В последнее время лермонтовская поэма стала вдруг яркой космической поэмой – «хоры стройные светил» засветили вдруг очень живым светом для нас, людей космической эры. Нас не может не поражать удивительная точность передачи впечатления от взгляда на Землю, брошенного из космоса:
И над вершинами Кавказа
изгнанник рая пролетал.
Под ним Казбек, как грань алмаза,
снегами вечными сиял.
Именно такими видели советские космонавты Кавказские горы в иллюминаторы своих космических кораблей и, несомненно, вспоминали о гениальном руссом поэте:
Познанья жадный, он следил
кочующие караваны
в пространство брошенных светил…
Какая роскошная космическая картина! Это ли не современность: «познанья жадный»?
«В небесах торжественно и чудно. Спит земля в сиянье голубом», – написал Лермонтов, и целое столетие пел русский народ эти стихи, беспрекословно поверив своему поэту. Слова поэта о голубом сиянье планеты Земля подтвердились – визуально и поэтически – только теперь. Я помню, как космонавт Павел Попович, выступая перед телезрителями, говорил о том, что из космоса наша Земля «такая уютная, маленькая и совсем голубая».
А теперь обратимся к еще недостаточно широко известной поэзии Ивана Бунина. Еще в молодости, читая одно стихотворение Ивана Бунина, я понял: вот прекрасный пример, иллюстрирующий формулу В.Г. Белинского «Поэт мыслит образами». Вчитываясь в стихотворение «Старик», воочию видишь не только общую картину, не только портрет человека, но и следишь с кинематографической последовательностью, как поэт слово за словом разворачивает перед нами заключительную главу судьбы своего героя. Давайте вместе перечитаем эти такие простые и ясные бунинские стихи:
Старик сидел печально и уныло,
поднявши брови в кресле у окна.
На столике, где чашка чаю стыла,
сигара нагоревшая струила
полоски голубого волокна.
Всё в этих стихах подчеркивает картину старости: и стынущая чашка чая, и нагоревшая сигара, и поднятые брови – поза старческой созерцательности. Но читаем далее:
В углу часы своею четкой мерой
отмеривали время.
Поразительная, отнюдь не случайная деталь. Она говорит о том, что часы не просто показывают время, а отсчитывают минуты жизни его, старика. Они напоминают о том, что дни его сочтены. И, понимая это,
…на закат смотрел
старик с беспомощною верой.
Это так понятно: человеку свойственно тянуться к солнцу, видеть в нем обещание завтрашнего дня. И как неутешительный ответ звучат заключительные строки:
Рос на сигаре пепел тёмно-серый,
струился сладковатый аромат.
Последняя строка явственно пахнет кадильным дымом… Поэт-реалист Иван Бунин сумел в таком коротком стихотворении дать полную движения мысли картину, сумел насытить неожиданной динамикой кажущуюся статику.

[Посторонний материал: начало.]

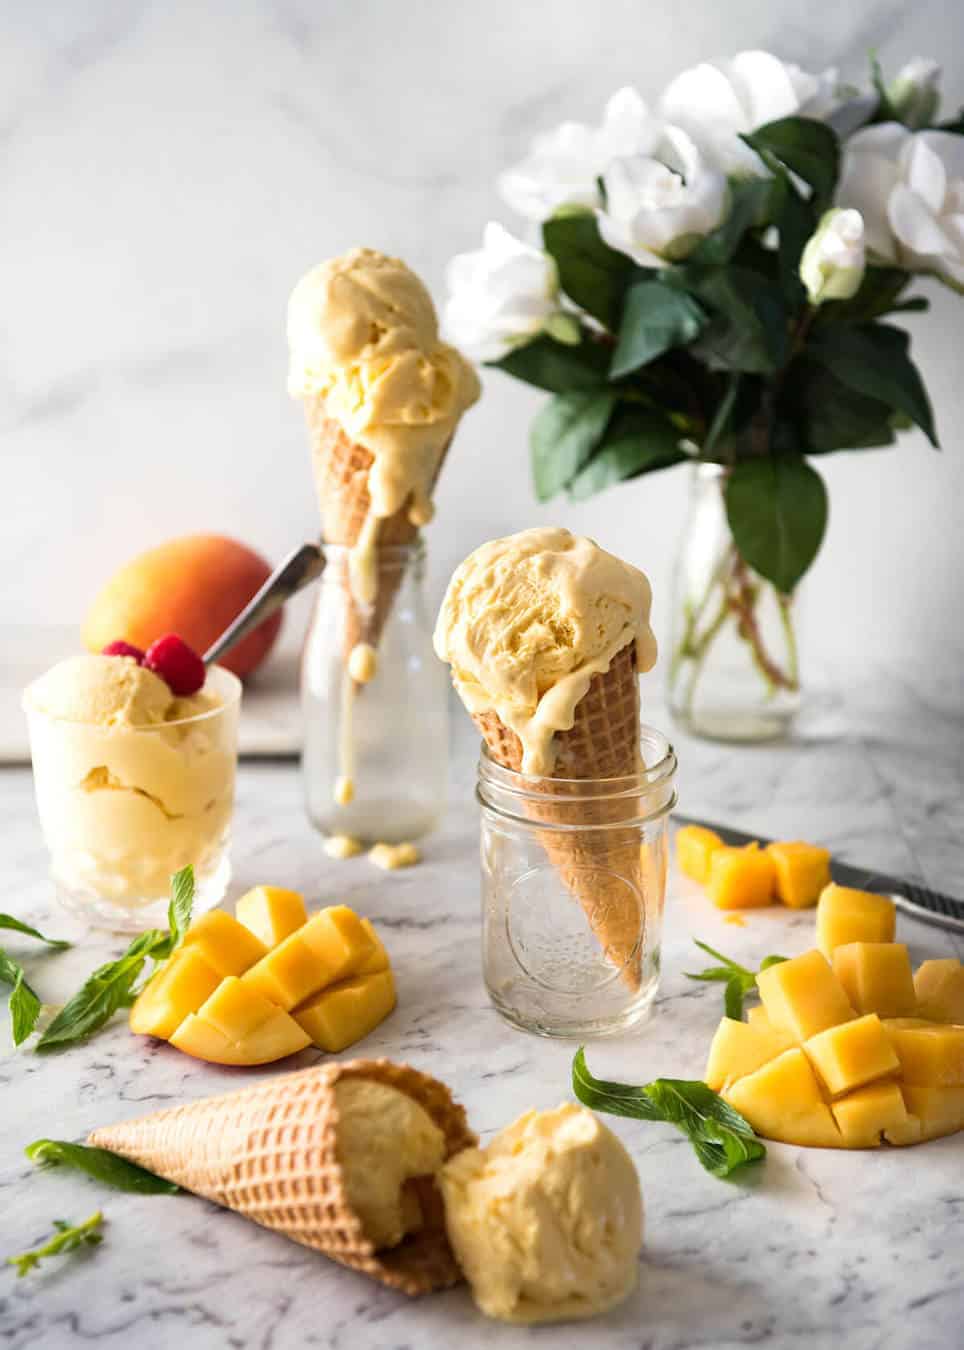 Homemade mango ice-cream in ice cream cones and in cups, with cheeks of cut mango on the side.

В нашем разговоре не обойтись без есенинских пленительных строк:
Не жалею, не зову, не плачу.
Всё пройдёт, как с белых яблонь дым.
Какая живописная строка, какой образ – «белых яблонь дым» Но постойте – какой такой дым? Что имеет в виду поэт? Все ли понимают, о чем сказал поэт? Решил я провести еще один эксперимент и стал спрашивать своих друзей и знакомых, в том числе и поэтов. Ответ был у всех почти один и тот же: «Дым – это белый яблоневый цвет. Это метафора». Да, но если бы Есенин хотел сказать именно так, он бы и сказал: «Все пройдет, как с белых яблонь цвет»! А ведь дым-то самый настоящий, тот самый, каким окуривают весной яблони! Мне он так и видится наяву в российских яблоневых садах… А метафорой является вся строка: «Всё пройдет, как с белых яблонь дым».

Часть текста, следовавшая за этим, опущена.